Pope Francis encourages religious orders to ‘make their synodal journey’

Courtney Mares   By Courtney Mares for CNA

 

Pope Francis meets participants in the plenary assembly of the International Union of Superiors General on May 5, 2022. / Vatican Media. See CNA article for full slideshow. 

Vatican City, May 5, 2022 / 09:56 am (CNA).

After arriving in a wheelchair for a meeting with religious sisters at the Vatican on Thursday, Pope Francis delivered a message about how important he believes it is for religious congregations to “make their synodal journey.”

The pope spoke off the cuff at his audience with the International Union of Superiors General (UISG) in the Paul VI Hall on May 5 and then took time to answer some of the sisters’ questions in a closed-door meeting.

In his prepared written remarks, which were handed out to the religious sisters, the pope wrote that the synodal process provides an opportunity for “young and old to exchange their wisdom and visions of consecrated life.”

“In addition to actively participating in the synodal process at the local Church level, it is very important that communities, congregations, make their own synodal journey,” the pope said.

“I am counting on you so that the synodal process that we are experiencing in the Church may also take place within your institutes,” he added.

Pope Francis said that a synodal process within a religious congregation can also be a chance to “let uncomfortable questions emerge.”

The Synod on Synodality is a global, two-year consultative process of “listening and dialogue” in the Catholic Church that began in October 2021. The first stage is a diocesan phase expected to last until Aug. 15.

The Vatican has asked all dioceses to participate, hold consultations, and collect feedback on specific questions laid out in synod documents.

Religious communities, lay movements, associations of the faithful, and other ecclesial groups are encouraged to participate in the synodal process in this local context. But it is also possible for them to contribute directly to the General Secretariat of the Synod of Bishops, according to the synod’s vademecum.

Many religious orders have already been participating in the first stage of the Synod on Synodality through their local dioceses.

The UISG, for women religious, and the Union of Superiors General (USG), for male religious, have also been collecting responses from the consultative phase.
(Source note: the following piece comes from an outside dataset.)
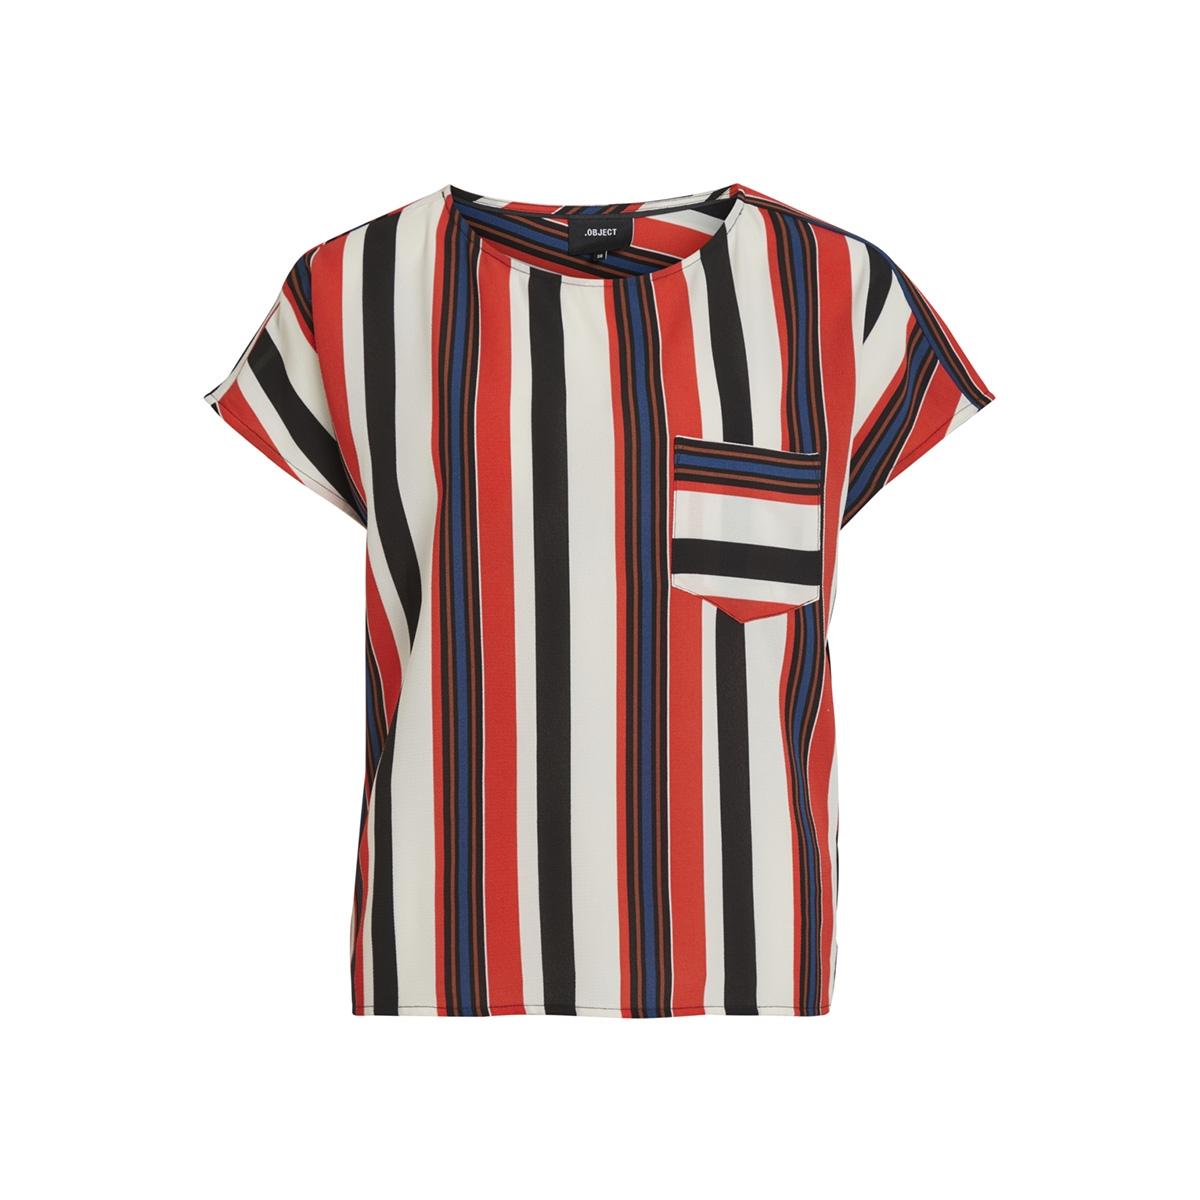 objtess karen s/s top rep 23027226 object t-shirt black/poppy red

The two bodies were given the task of synthesizing the responses from religious orders for the General Secretariat and the Congregation for Institutes of Consecrated Life and Societies of Apostolic Life.

According to the UISG, if every religious congregation in the world participates, there will be more than 2,000 responses, which will need to be distilled into one 10-page document to be submitted by August.

At the end of the current process, an assembly of the Synod of Bishops is scheduled to take place in Rome in October 2023 to produce a final document to advise the pope.

Many other themes were reportedly addressed in Pope Francis’ unscripted discussion with the UISG, including the war in Ukraine, discernment within religious communities, and colonialism.

Members of the UISG are meeting in Rome on May 2-6 for a plenary assembly on the theme “Embracing Vulnerability on the Synodal Journey.”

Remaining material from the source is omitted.